Plasmodium knowlesi - an emerging pathogen.

Ten years have passed since the publication of a large focus of Plasmodium knowlesi infections in the human population. The discovery was made during a molecular investigation of atypical P. malariae cases in the Kapit Health Division, Sarawak, Malaysian Borneo. Patients were more symptomatic with higher parasite counts than expected in P. malariae infections. The investigation found only P. knowlesi DNA present in patient blood samples. Morphological similarity had allowed P. knowlesi to masquerade as P. malariae during routine diagnostic microscopy for malaria. P. knowlesi, a malaria parasite of macaque monkeys, had entered the human population. The subsequent development of P. knowlesi species-specific PCR assays soon demonstrated that the entry was not confined to the Kapit Division but extended across island and mainland Southeast Asia. Relevant clinical descriptions and guidelines for the treatment and management of patents with P. knowlesi malaria were not available. Nor was it clear whether P. knowlesi had undergone a host switch event into the human population or if infections were zoonotic. The outputs of studies on P. knowlesi malaria during the past 10 years will be summarized, highlighting major findings within the context of pathophysiology, virulence, host switch events, treatment, control and importantly malaria elimination.

Introduction

Malaria parasites, member species of the genus Plasmodium, are blood-borne and pose a substantial risk in blood transfusion related infection [1-5]. Donor blood infected with any of the human-host-adapted Plasmodium species, P. falciparum, P. vivax, P. ovale and P. malariae or newly emergent species such as P. knowlesi would cause malaria in the untreated non-immune recipient.
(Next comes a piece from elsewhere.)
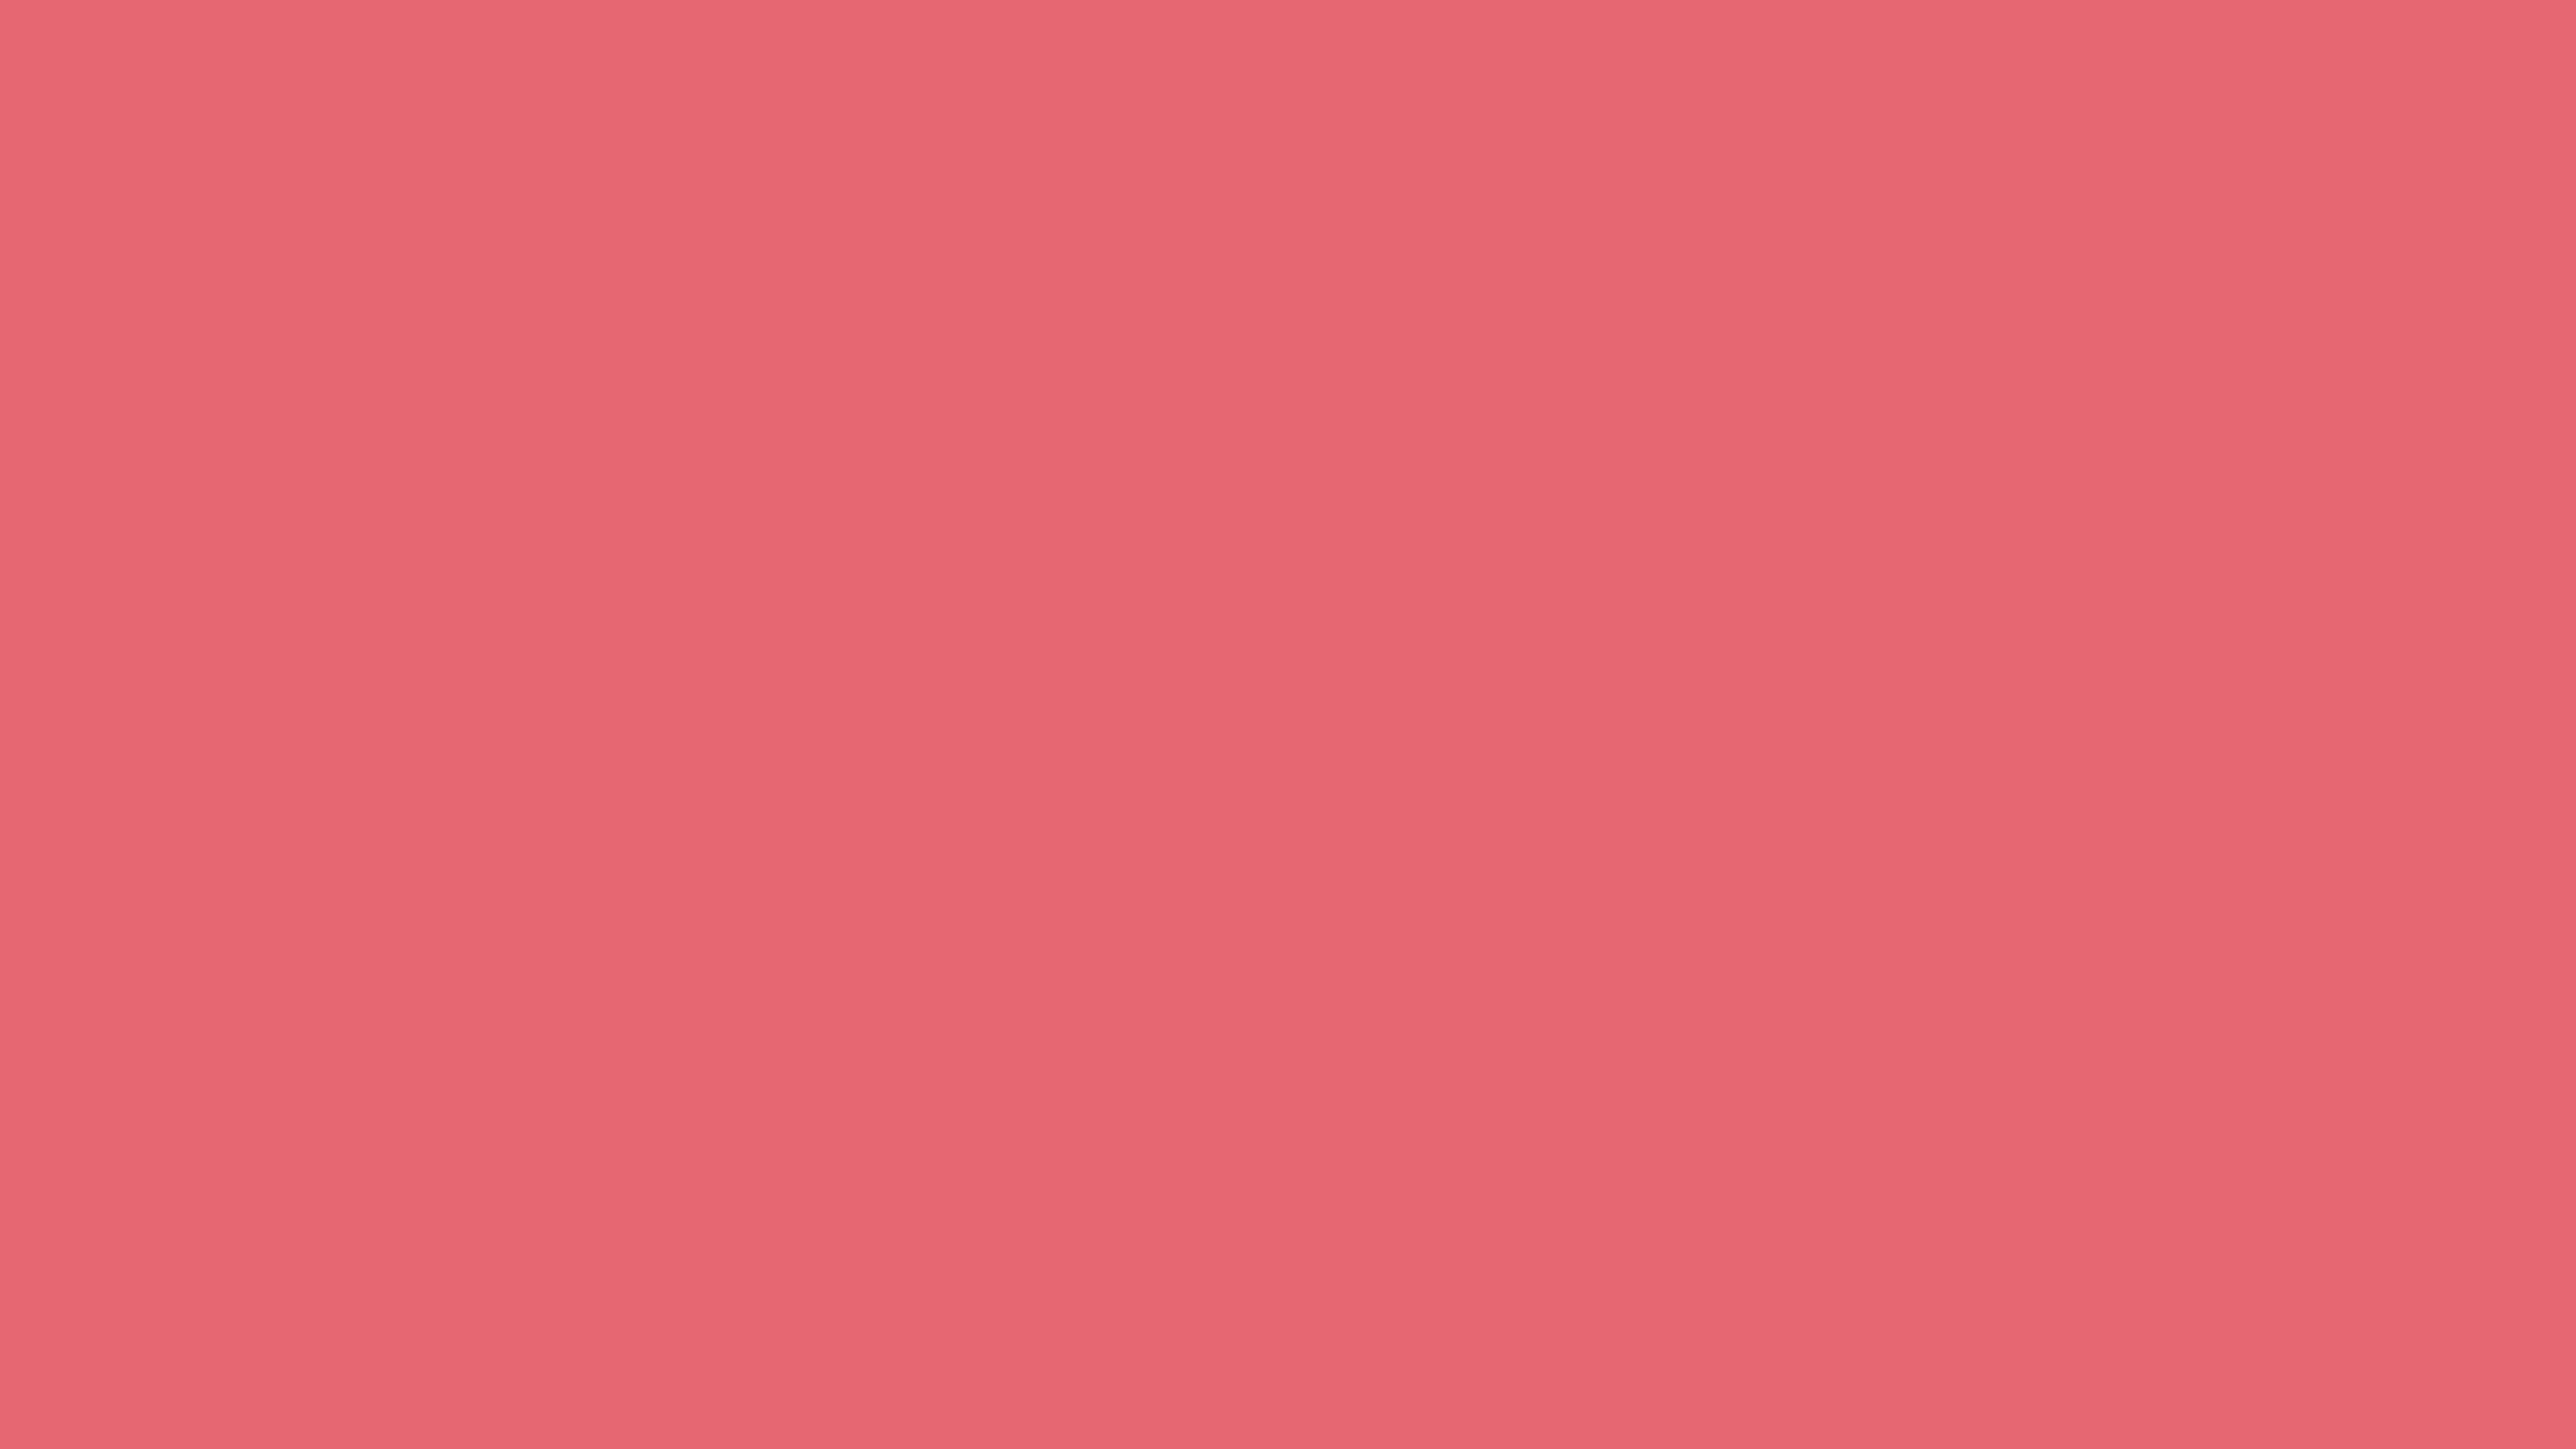 4096x2304 Light Carmine Pink Solid Color Background

Most medical texts and guidelines for malaria provide detailed information on the human–host-adapted malaria parasites but not on emergent species. P. knowlesi, a parasite of the long and pig-tailed macaques of Southeast Asia, is not vertebrate host restricted, and humans, under experimental conditions, were permissive to infection [6]. Clinical information collected from therapeutically induced P. knowlesi infections in patients with tertiary syphilis provides information on human–parasite interaction using blood passage of laboratory lines of P. knowlesi [6]. However, naturally acquired P. knowlesi malaria was not recognized and therefore clinically overlooked, until a large focus of P. knowlesi was described in the human population in Sarawak, Malaysian Borneo, in 2004 [7]. P. knowlesi is morphologically indistinguishable from P. malariae, one of the more benign human-host-adapted Plasmodium species, and infections were misdiagnosed until the recent development of P. knowlesi-specific PCR-based assays [7-9]. The use of these assays indicate that zoonotic malaria, caused by P. knowlesi, is widespread in Southeast Asia and, in stark contrast to P. malariae, is not benign [10-13].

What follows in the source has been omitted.